|
So maybe you've never filed for bankruptcy,
foreclosed on a house or defaulted on a loan. You have,
however, paid a few bills late, which lowered your credit
score. If your credit score dropped below 620, you may
have made yourself a subprime lending customer.
Subprime loans are a mixed bag for those
with blemished credit histories. They can help renters
own homes and cash-strapped folks pay off debts. They
also cost more and come with significant risks. Make
sure you belong in the subprime category and understand
all its pitfalls before you proceed with a subprime
loan.
Think about it
Experts caution people to carefully weigh the benefits
and drawbacks of taking out a subprime loan.
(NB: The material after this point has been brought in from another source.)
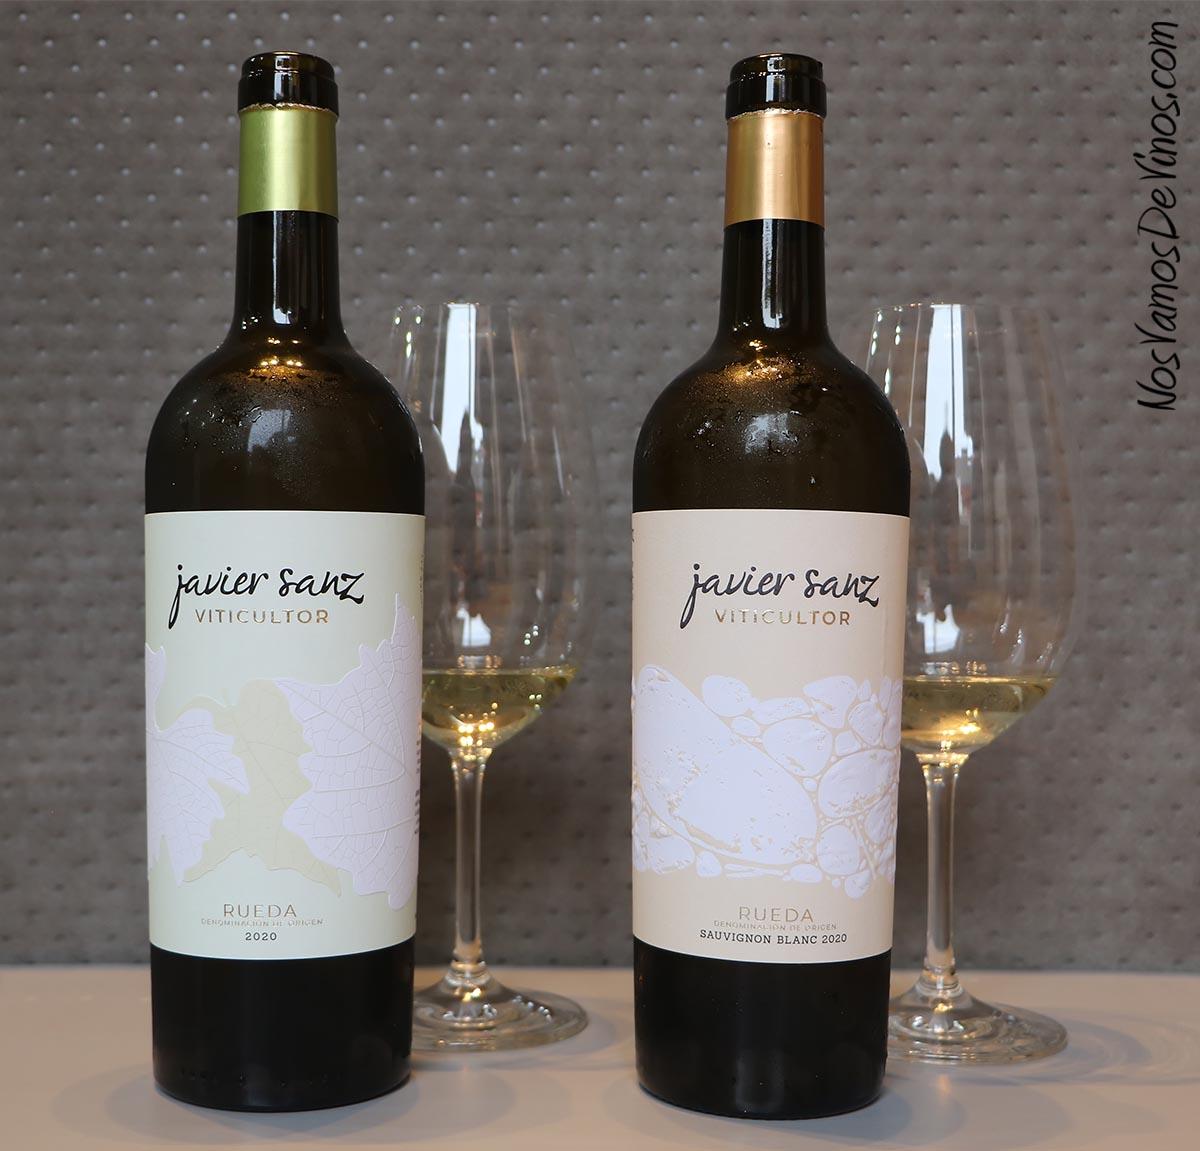 Javier Sanz Viticultor Verdejo 2020 & Javier Sanz Sauvignon Blanc 2020

Having
one and handling it well can help repair a damaged credit
history, but a subprime loan can cost thousands more
in interest than standard mortgages.
Subprime lending, by its very nature,
places lenders at risk. When all is said and done, that
means banks and other players charge higher rates for
subprime loans to compensate for potential losses from
customers who may run into trouble or default. Subprime
loans also cost more because they are considered "nonconforming,"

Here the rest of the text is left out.